Establish and maintain an airway to ensure adequate ventilation and oxygenation. Gastric evacuation by lavage and use of activated charcoal should be considered. Careful observation and cardiac and vital sign monitoring are recommended, along with general symptomatic and supportive care. Due to the large volume of distribution of citalopram, forced diuresis, dialysis, hemoperfusion, and exchange transfusion are unlikely to be of benefit. There are no specific antidotes for citalopram.

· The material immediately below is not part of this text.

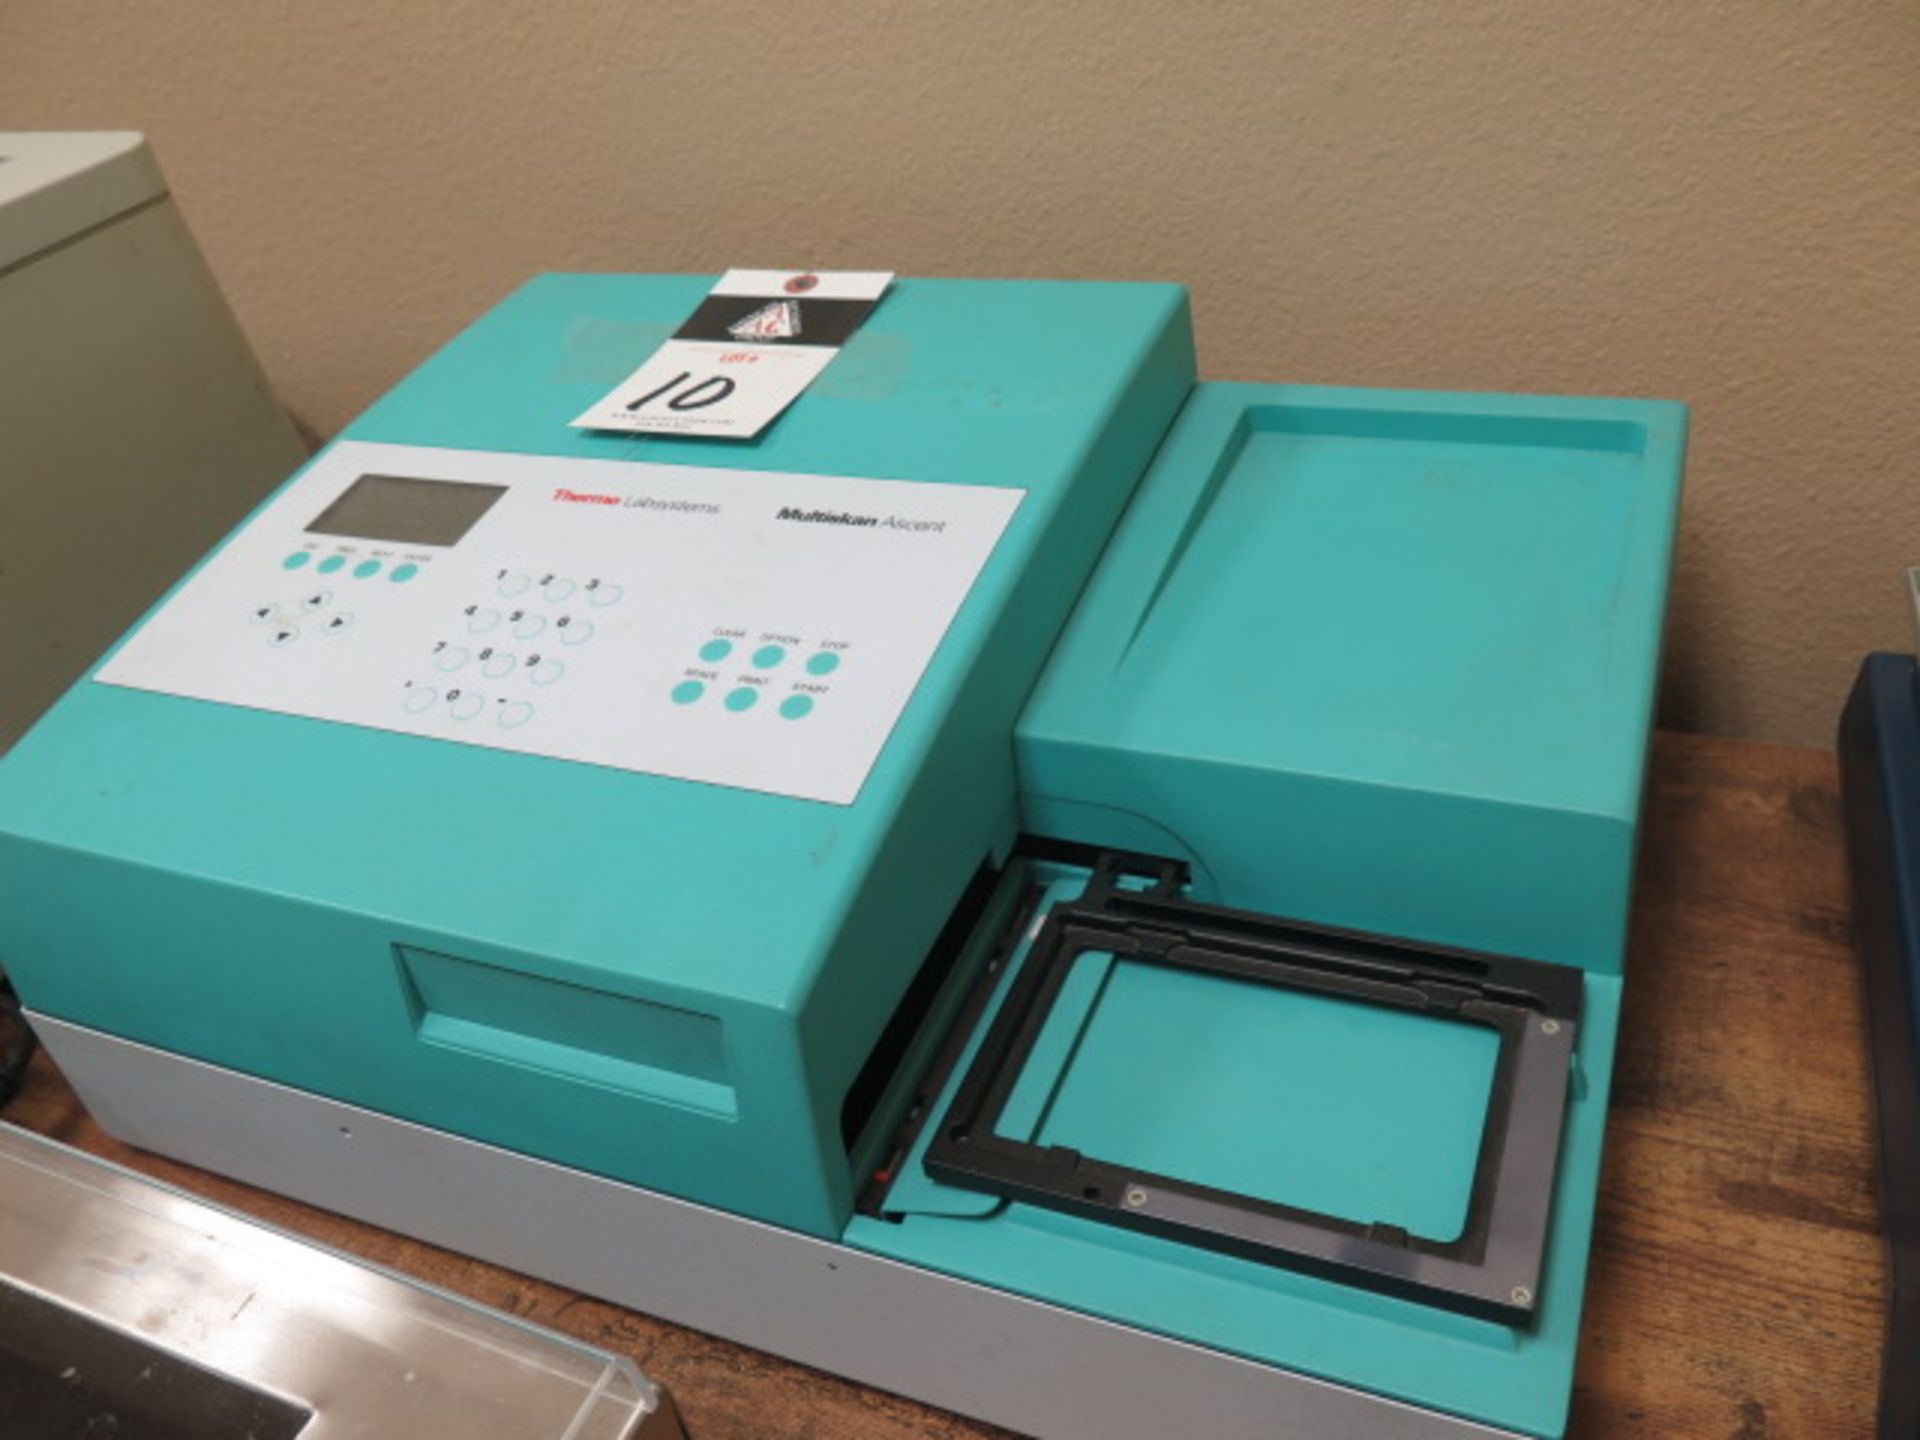 Thermo Lab Systems Mulitskan Ascent mdl. 354 Microplate Reader (SOLD AS-IS - NO WARRANTY) - Image 2 of 6
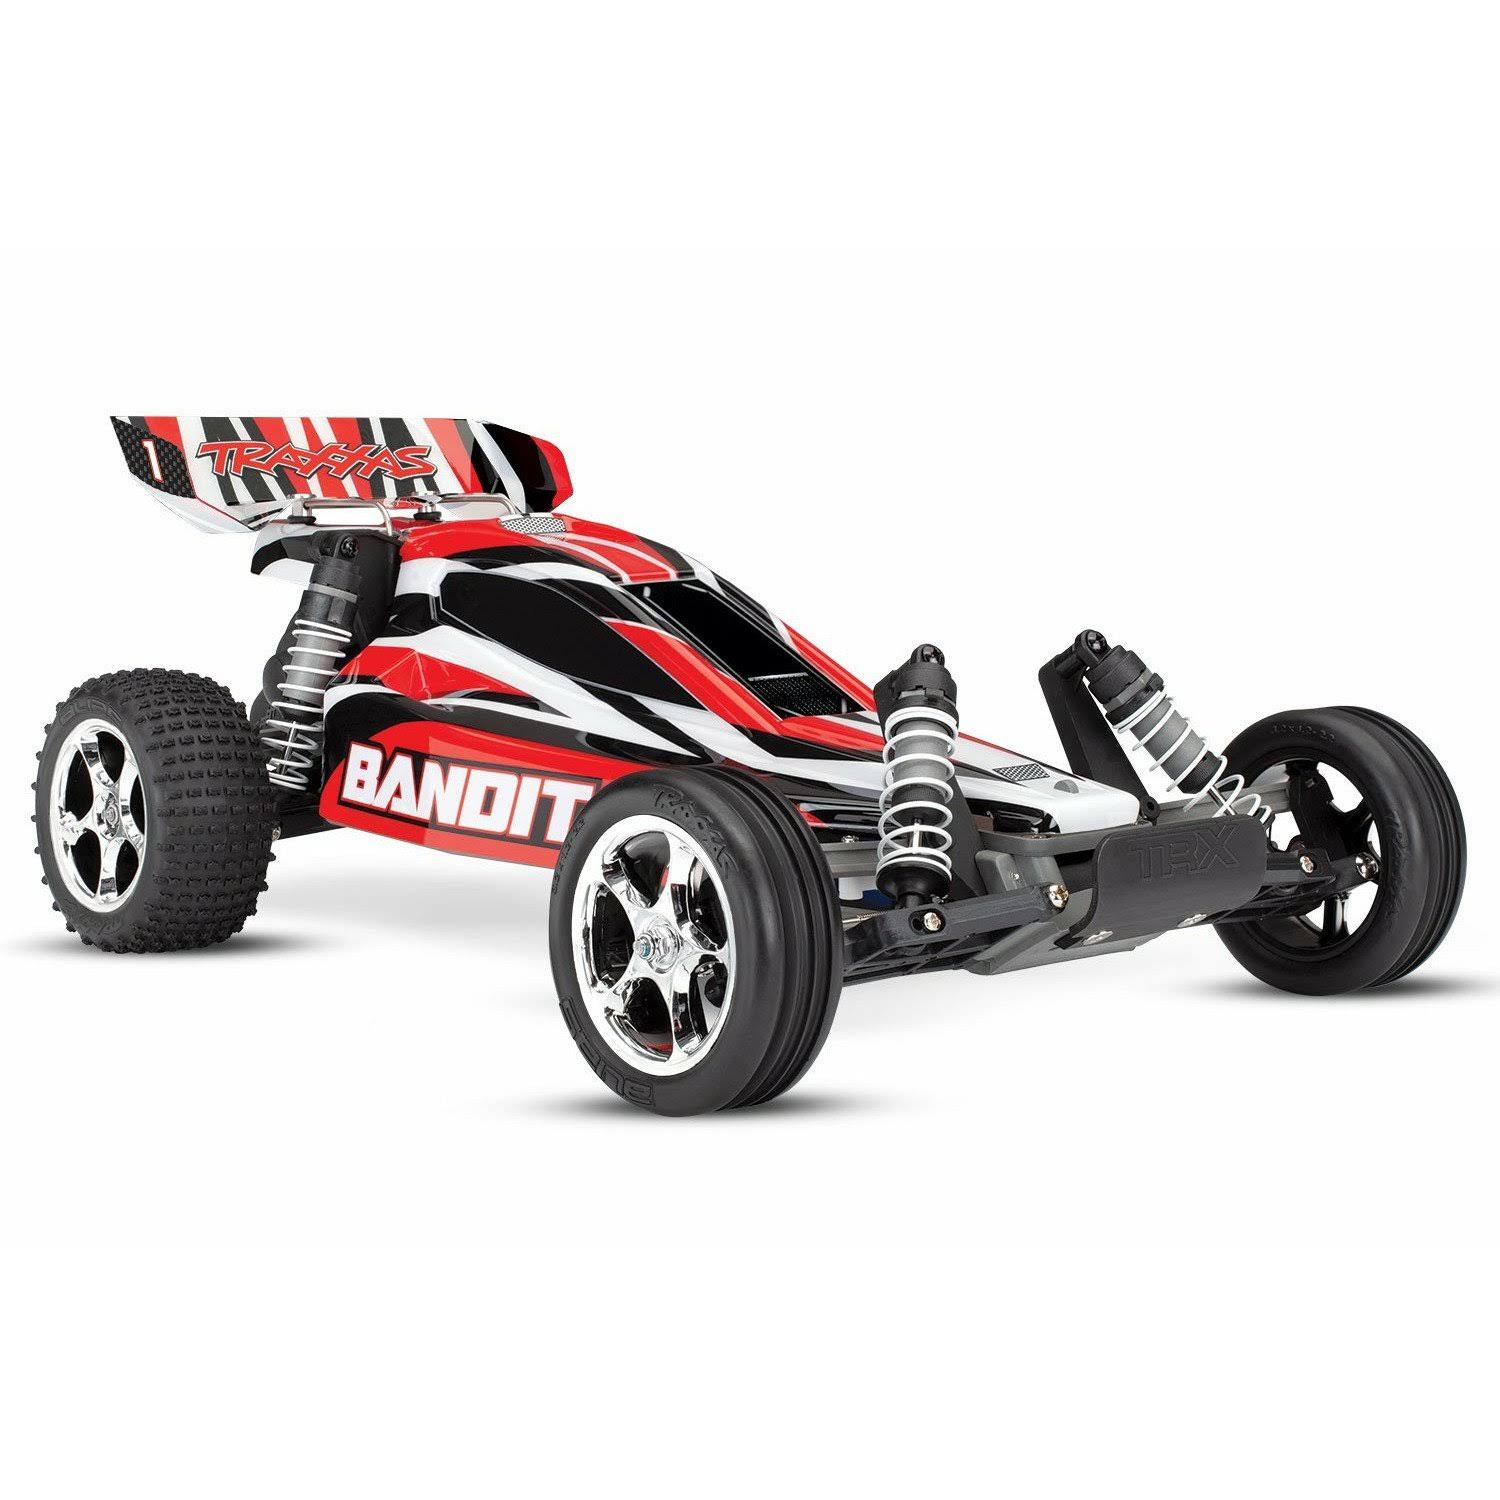 Traxxas 1/10 2WD Bandit Extreme Sports Buggy RTR - Redx

In managing overdosage, consider the possibility of multiple-drug involvement. The physician should consider contacting a poison control center for additional information on the treatment of any overdose.

DOSAGE AND ADMINISTRATION

Citalopram tablets should be administered once daily, in the morning or evening, with or without food.

Initial Treatment

Citalopram tablets should be administered at an initial dose of 20 mg once daily, with an increase to a maximum dose of 40 mg/day at an interval of no less than one week. Doses above 40 mg/day are not recommended due to the risk of QT prolongation. Additionally, the only study pertinent to dose response for effectiveness did not demonstrate an advantage for the 60 mg/day dose over the 40 mg/day dose.

Special Populations

20 mg/day is the maximum recommended dose for patients who are greater than 60 years of age, patients with hepatic impairment, and for CYP2C19 poor metabolizers or those patients taking cimetidine or another CYP2C19 inhibitor (see WARNINGS).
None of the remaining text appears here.